Osservo un forte, e a suo modo triste, parallelismo tra la condizione del giovane in cerca di lavoro e quella dello scrittore emergente. Ho vissuto entrambe le esperienze e non voglio in alcun modo offendere nessuno dei membri delle due categorie, né sminuire lo stato di chi non riesce a trovare occupazione.
Il giovane in cerca di lavoro suona al citofono delle aziende come un venditore porta a porta. Percorre chilometri, in auto o a piedi, col sole o sotto la pioggia, armato di una cartellina strabordante di curricula dettagliati e inghirlandati. Si presenta con un sorriso smagliante, la schiena eretta e il petto in fuori, scattante come se volesse dimostrare al suo interlocutore quanto potrebbe essere attivo, operativo, proattivo, già in quei pochi secondi concessi per la consegna del curriculum. Quando ha la fortuna di poter entrare nell'azienda, ovviamente, e non viene allontanato con un "No, grazie" come, appunto, un qualunque venditore porta a porta.
Ma ecco, vedete, lo scrittore emergente non fa nulla di diverso. Armato di ingombranti copie del suo manoscritto, redatto seguendo le più scrupolose regole trovate su internet, per renderlo adeguato agli standard richiesti dalle case editrici, quello che fa non è che una versione virtuale del porta a porta. Naviga tra i siti degli editori, sforzando la vista alla ricerca delle istruzioni per l'invio della propria opera, augurandosi di non incappare nel triste messaggio che recita "La valutazione di inediti è sospesa a data da destinarsi", e invia plichi o mail a destra e a manca, accompagnandoli con lettere di presentazione che più barocche non si potrebbe.
Il giovane inoccupato torna a casa e vive con la speranza di ricevere la telefonata con cui finalmente lo invitano a un colloquio. Lo scrittore emergente torna alle sue faccende in attesa che uno degli editori a cui si è rivolto lo contatti per approfondire la valutazione del testo e parlare della sua pubblicazione.
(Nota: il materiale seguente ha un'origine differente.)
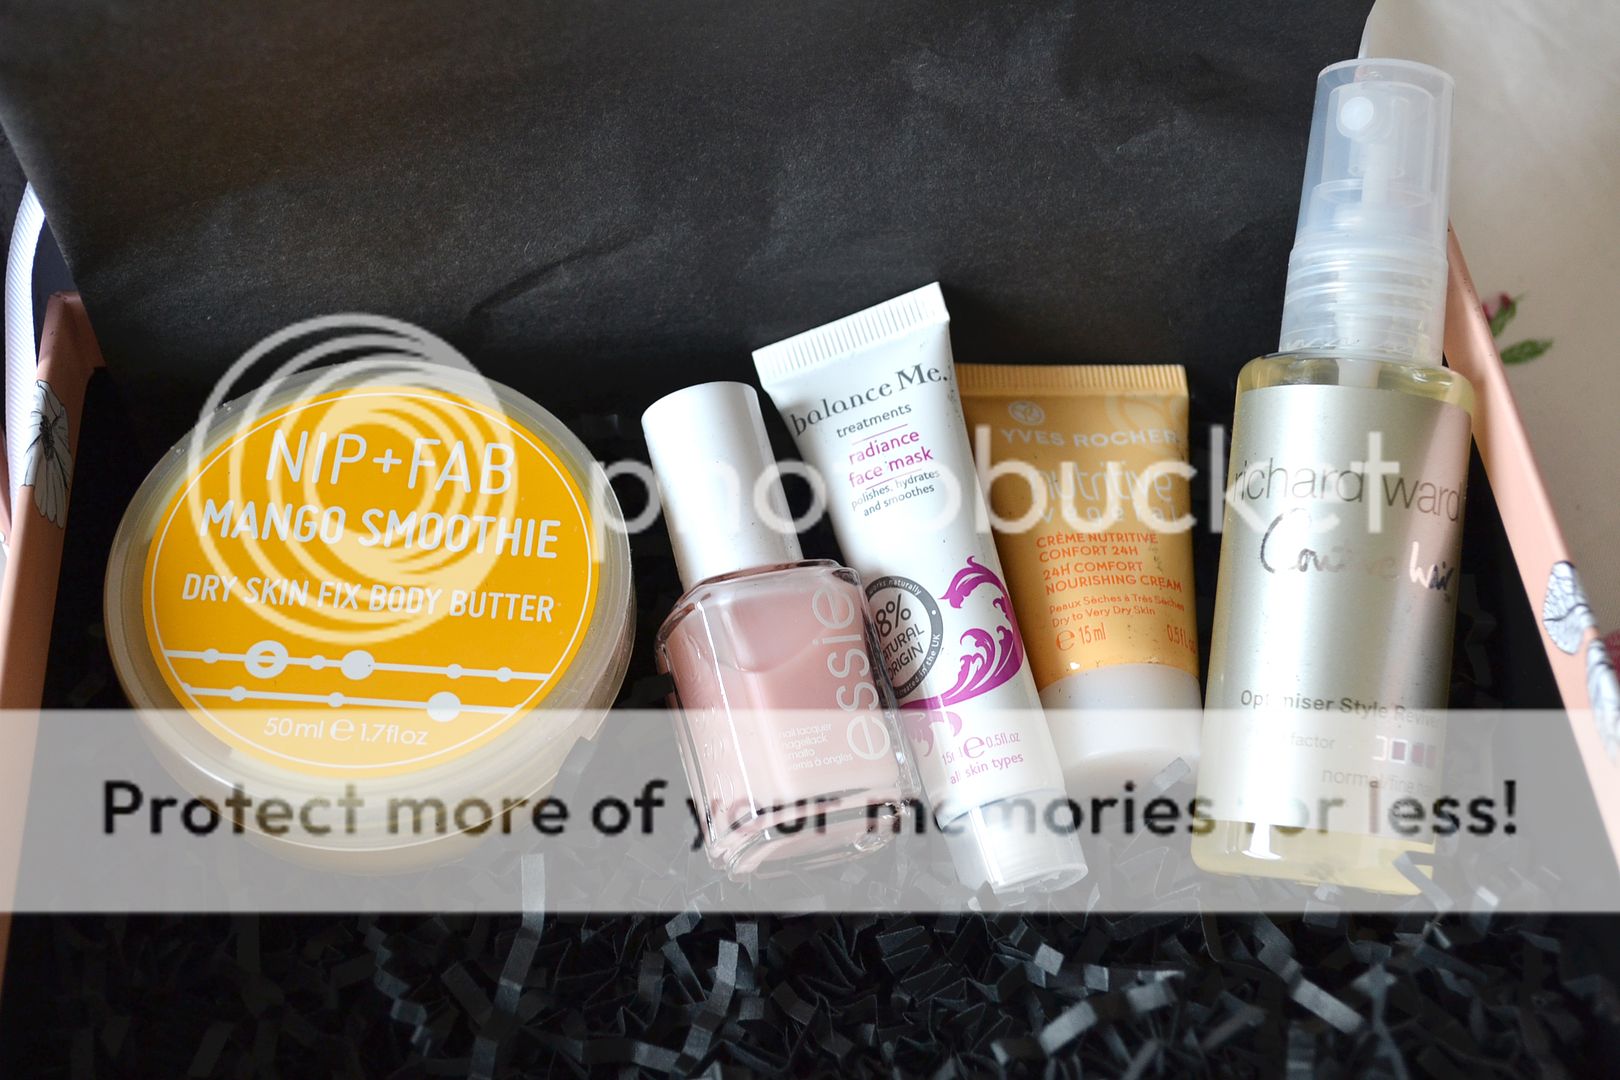  photo Whats_inside_glossybox_april_2013_zps4969cabe.jpg

L'uno è convinto del proprio valore umano, dei vantaggi che potrebbe portare all'eventuale azienda che decidesse di assumerlo, dell'impegno che metterebbe in ogni singola mansione a lui destinata. L'altro è certo dell'attenzione e della cura dedicata alla stesura del proprio manoscritto, ricorda le notti passate a limare il testo per trovare un sinonimo che suonasse meglio, una struttura della frase meno macchinosa, un aggettivo che desse il colore adatto a un personaggio.
Ad accomunare i nostri due casi umani è la speranza, quella speranza che non conosce ostacoli che definiamo ostinazione. Ma che deve essere epurata di qualunque accezione negativa, dal momento che deriva dalla necessità, in un caso, e dal desiderio, nell'altro, di raggiungere un livello esistenziale superiore.